§ Aim of the exercise
In the material below, find the line with "H-E-B Classic Roast" and the line with "0.32 Cts Natural", then output both and every line between them exactly, omitting pictures.

§ Input

--- START ---

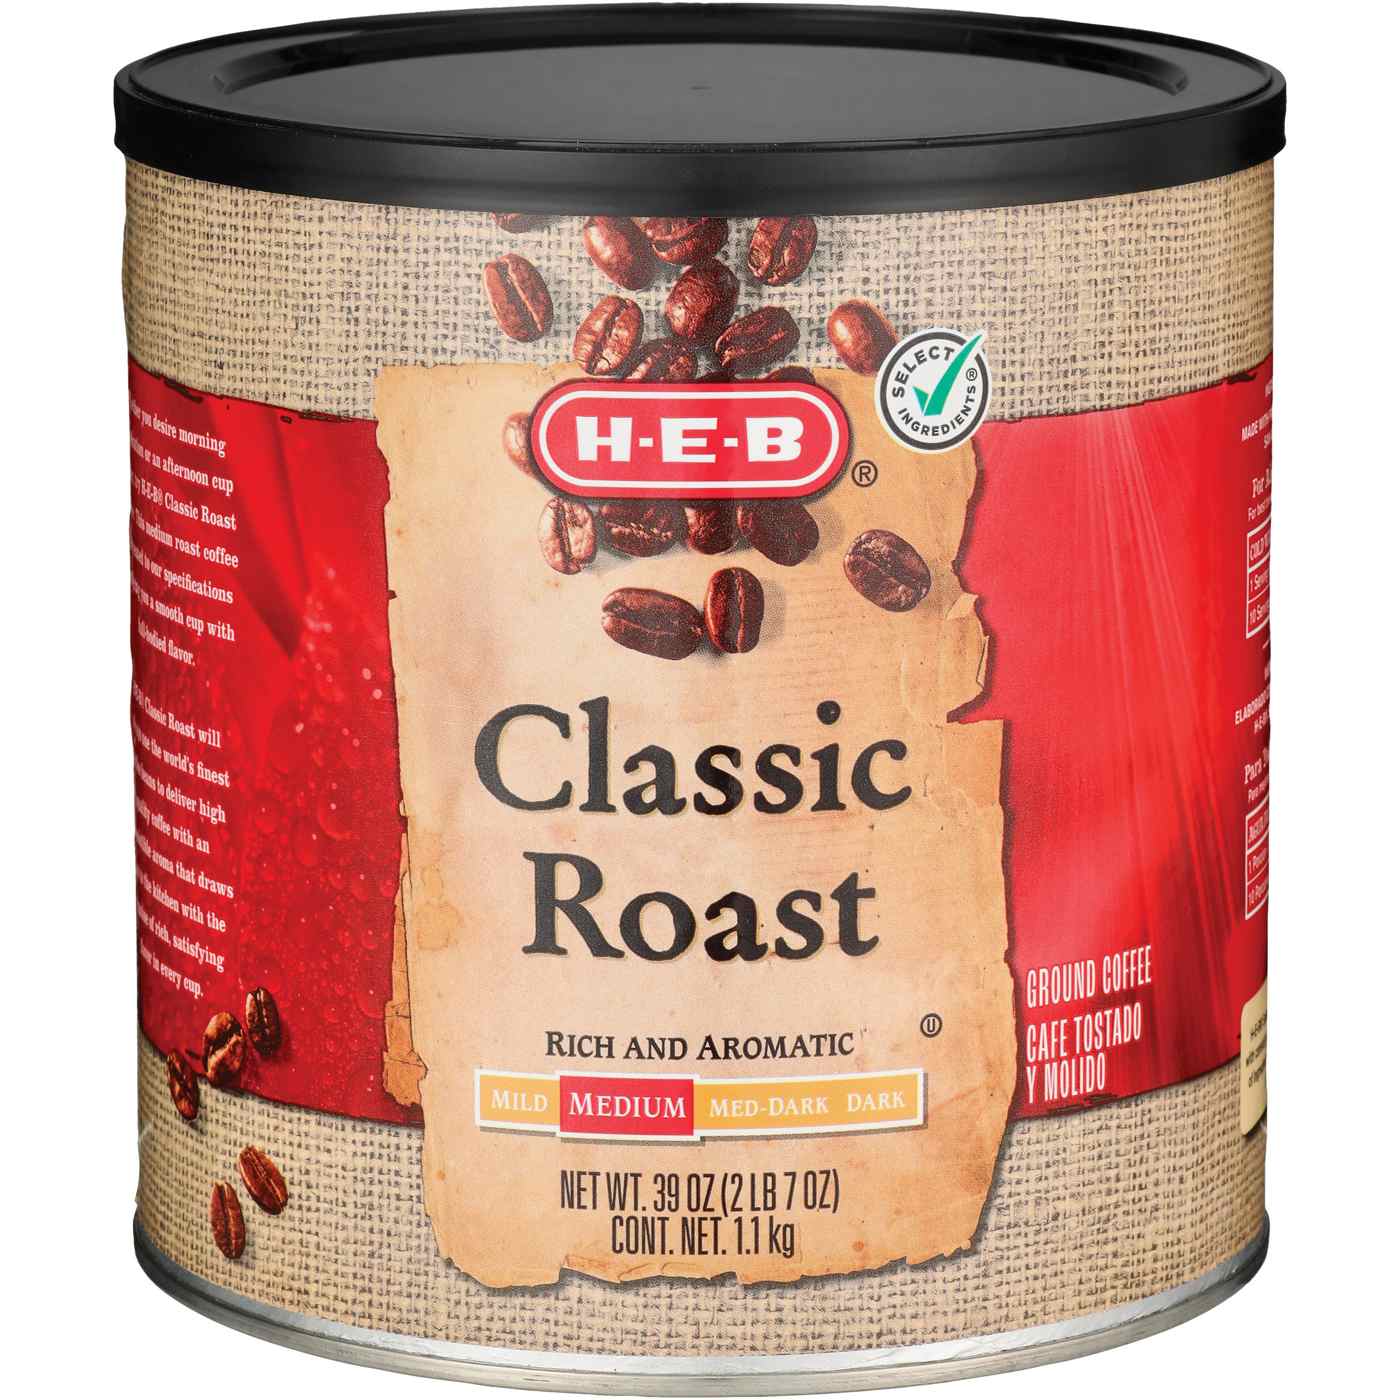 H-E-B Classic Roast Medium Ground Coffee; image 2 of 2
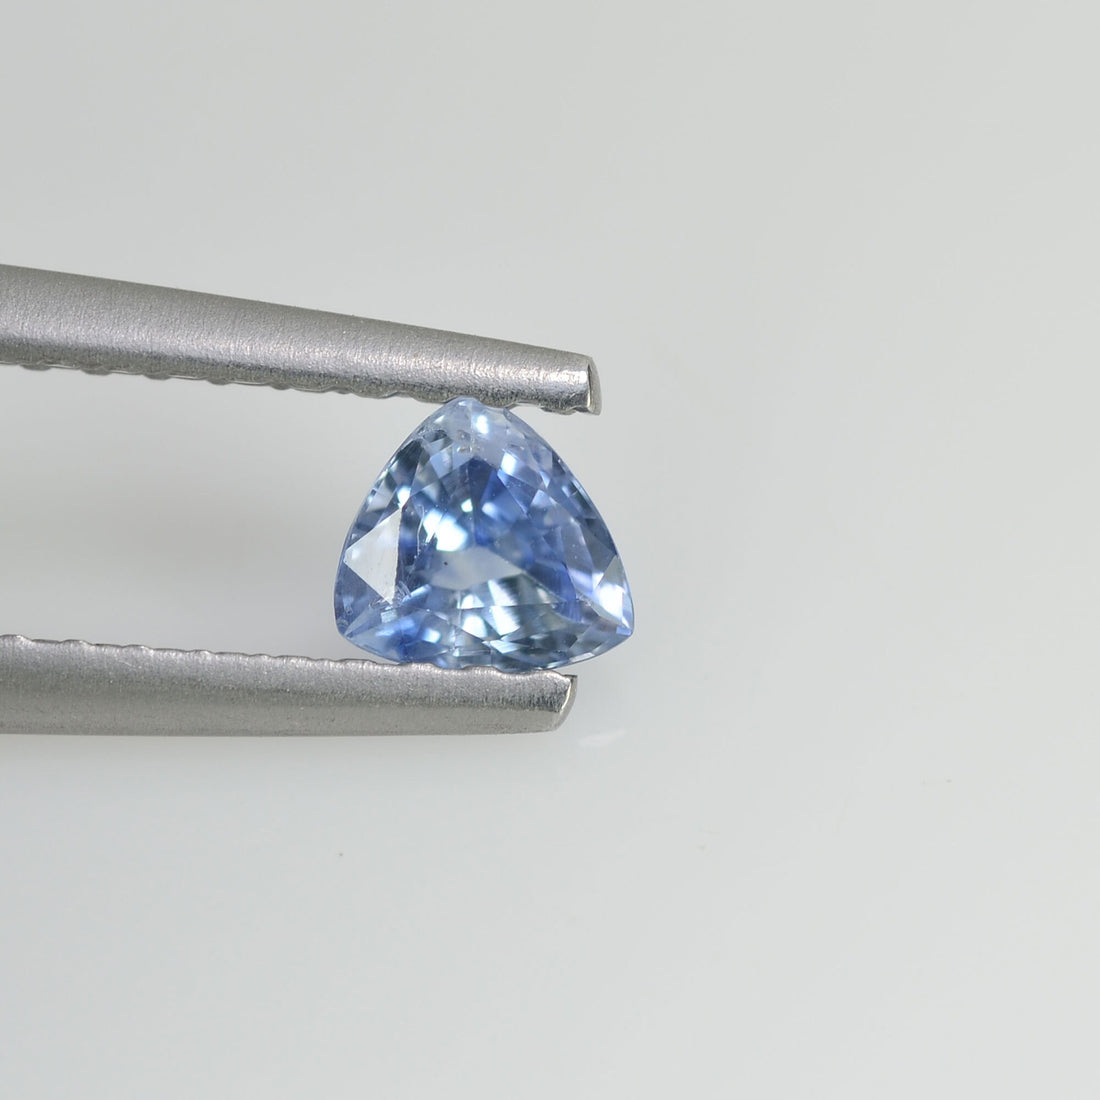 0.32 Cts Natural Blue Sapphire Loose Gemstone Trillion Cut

--- END ---
--- START ---

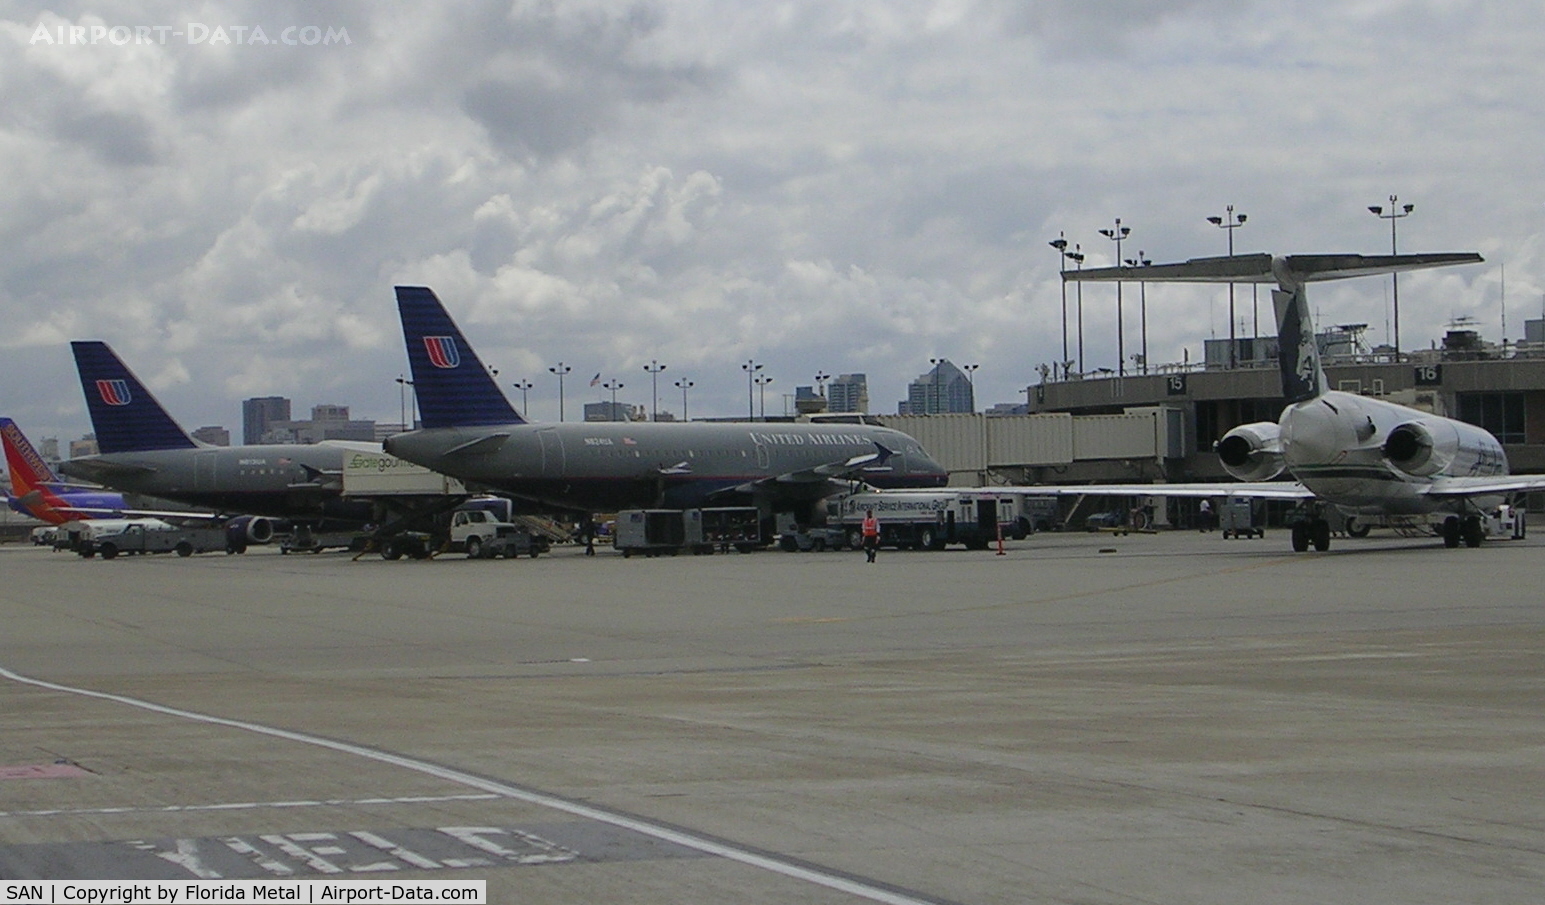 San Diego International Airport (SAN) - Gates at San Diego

--- END ---

§ Answer for the task
 H-E-B Classic Roast Medium Ground Coffee; image 2 of 2
 0.32 Cts Natural Blue Sapphire Loose Gemstone Trillion Cut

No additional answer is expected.